Tanrıya akıl alanında zoraki bir yer açmaya çalışmak ve tanrıyı akli bir zeminde kanıtlamaya çalışmak akli bilgiyi inançtan üstün tutmak anlamına gelir.
Bu durumda ya akli bilgiyi tercih etmek ve dolayısıyla akıl alanına girmeyen metafiziği reddetmek gerekir ya da inanç ile akıl arasında bir üstünlük düşüncesine girmeksizin metafiziği inanç alanında bırakarak inanç bağlamında değerlendirmek gerekir.
Metafizik bilimsel bir temele oturtulamaz. Zira bilim değişen koşullar altında değişebilen bir olgudur. Mutlak bir doğru olarak öne sürülen dogmatik inanç, bilimin değişmesiyle değişemeyeceğine göre bu çaba olsa olsa gülünçtür.
Böylesi bir çaba psikolojik bakımdan içsel bir çelişkiyi gösterir.
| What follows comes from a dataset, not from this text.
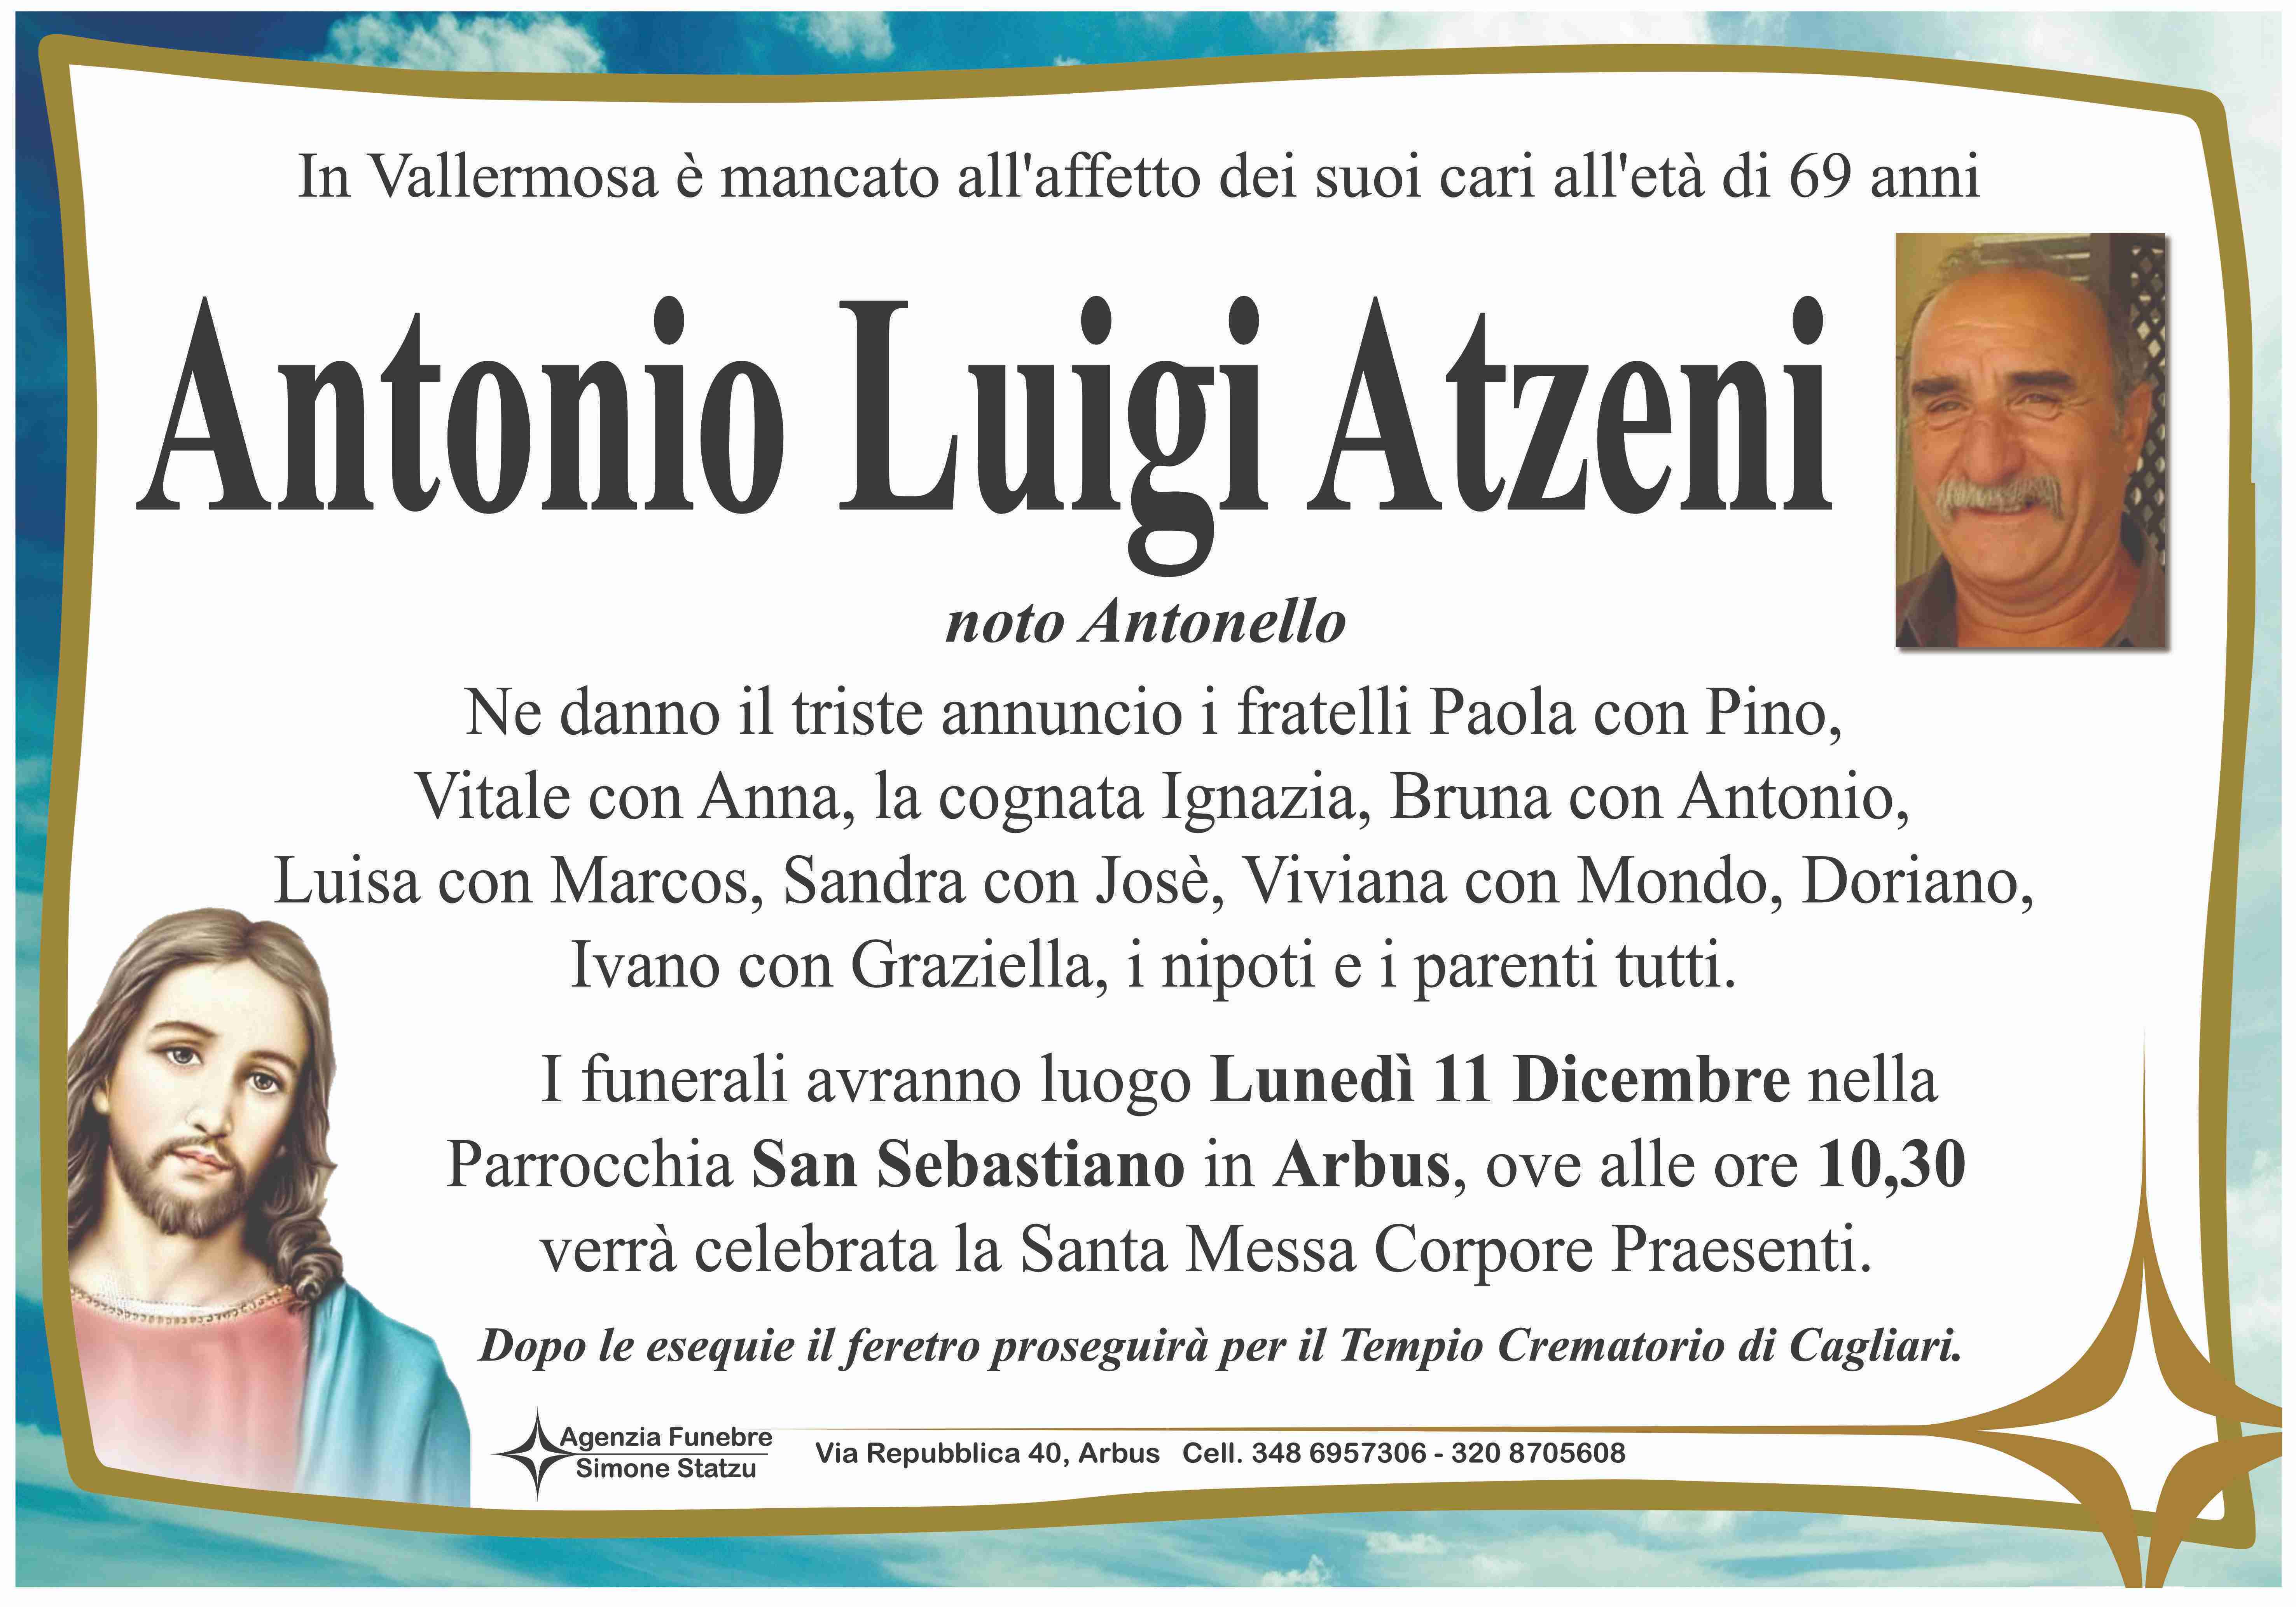 Antonio Luigi Atzeni

Bilim ile inanç arasındaki dengeyi kuramayanlar ikisini birleştirerek bu çatışmadan kurtulacaklarına inanmaktadırlar.
Söz konusu çabayı gösterenlere oranla akılsal bilgiyi yaşamına klavuz edinenler, metafiziği olması gereken yerde bırakarak metafiziğe saygı duymakta, onu hırpalamamaktadır.
Yıllar önce ciddi bir çaba ile ilmek ilmek açıklanan bilim ile inanç arasındaki farkın idrakına varılmalı, metafiziği bilim alanına kaydırarak bilimi öncelemeyi bırakmalı ve metafiziğe hakkını iade etmelilerdir.
Ya da bilim ile metafizik arasında yapmak zorunda oldukları tercihten kaçmayı bırakıp psikolojik bir yüzleşme yaşamalılar.